A similar argument has been made by the IMF in a study (Dabla-Norris et al. 2015) showing that a decline in organised labour institutions is associated with higher inequality measured by Gini coefficients, ‘likely reflecting the fact that labor market flexibility benefits the rich and reduces the bargaining power of lower-income workers’. Additional evidence shows that ‘more lax hiring and firing regulations, lower minimum wages relative to the median wage, and less prevalent collective bargaining and trade unions are associated to higher market inequality’ (Dabla-Norris et al. 2015, p. 26).

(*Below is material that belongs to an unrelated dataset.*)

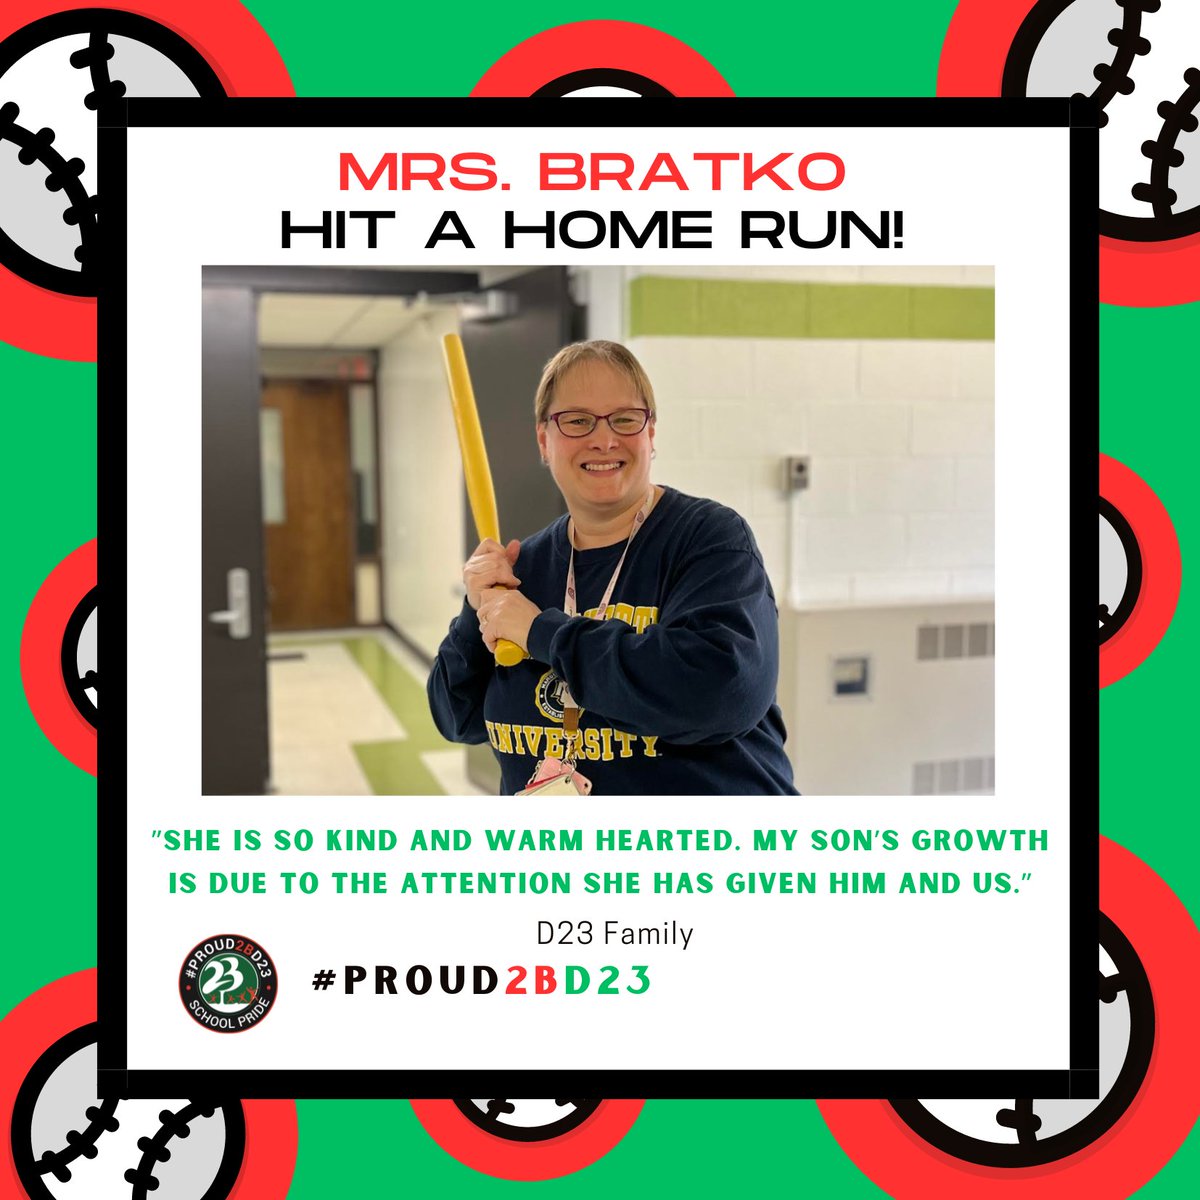 Batter up! The @PHSD23 staff are hitting home runs for our students, families, and colleagues! Which staff member will round the bases next? Stay tuned! #PROUD2BD23! ⚾️ @Dangelaccio @CraigCurtisD23 @AmyMcP_BAMMP @D23Eisenhower @D23Ross @D23Sullivan @D23MacArthur
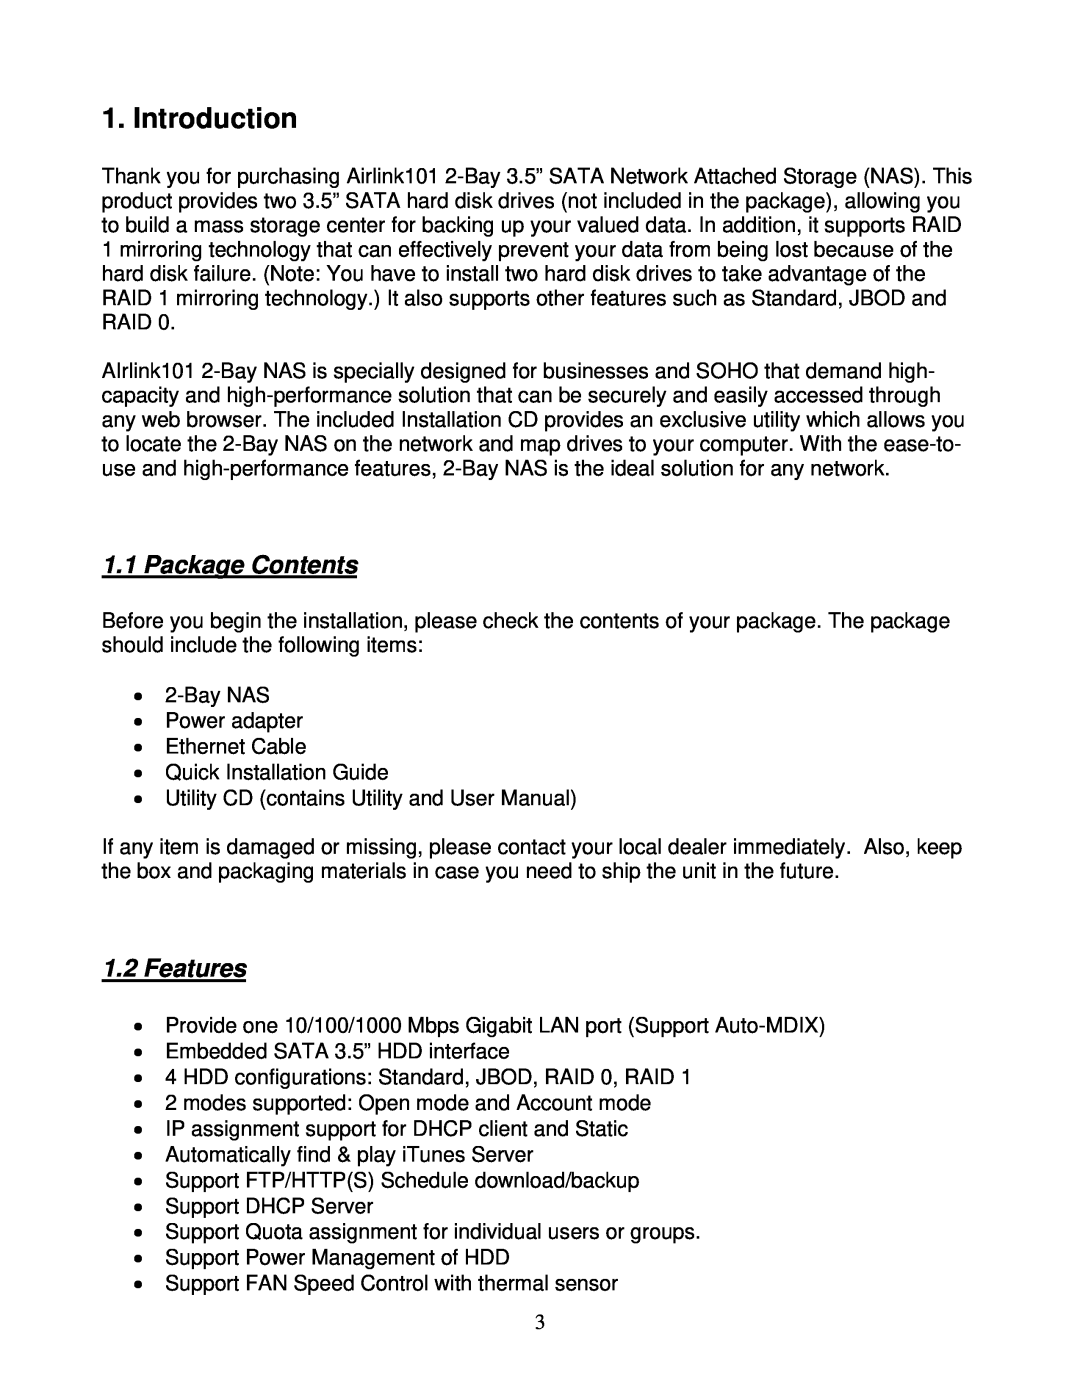 Airlink101 ANAS550 user manual Introduction, Package Contents, Features

The above evidence suggests the need for policies addressing the distribution of the productivity gains resulting from technological change. Over the past decades, innovation has mainly benefited capital in the form of higher profits, top earnings and financial rents in a context of increasing pressure on firms from investors demanding high financial returns. Conversely, technological change has often hit workers with job losses associated with labour-saving new processes, with new forms of low wage precarious work, with stagnant real wages. Technology is one of the engines of income inequality that has now reached record levels in many advanced and emerging countries. Such disparities are not only a problem of social justice, and they also undermine the possibility of growth and efficiency—as argued also by the OECD: ‘when income inequality rises, economic growth falls’ (OECD 2015, p. 60). New policies are therefore required for changing this state of affairs, for shaping technological change in the interest of society; for reducing its negative employment effects; for making sure that the gains from innovation and productivity go to labour in the forms of higher wages, lower working hours and improved working conditions.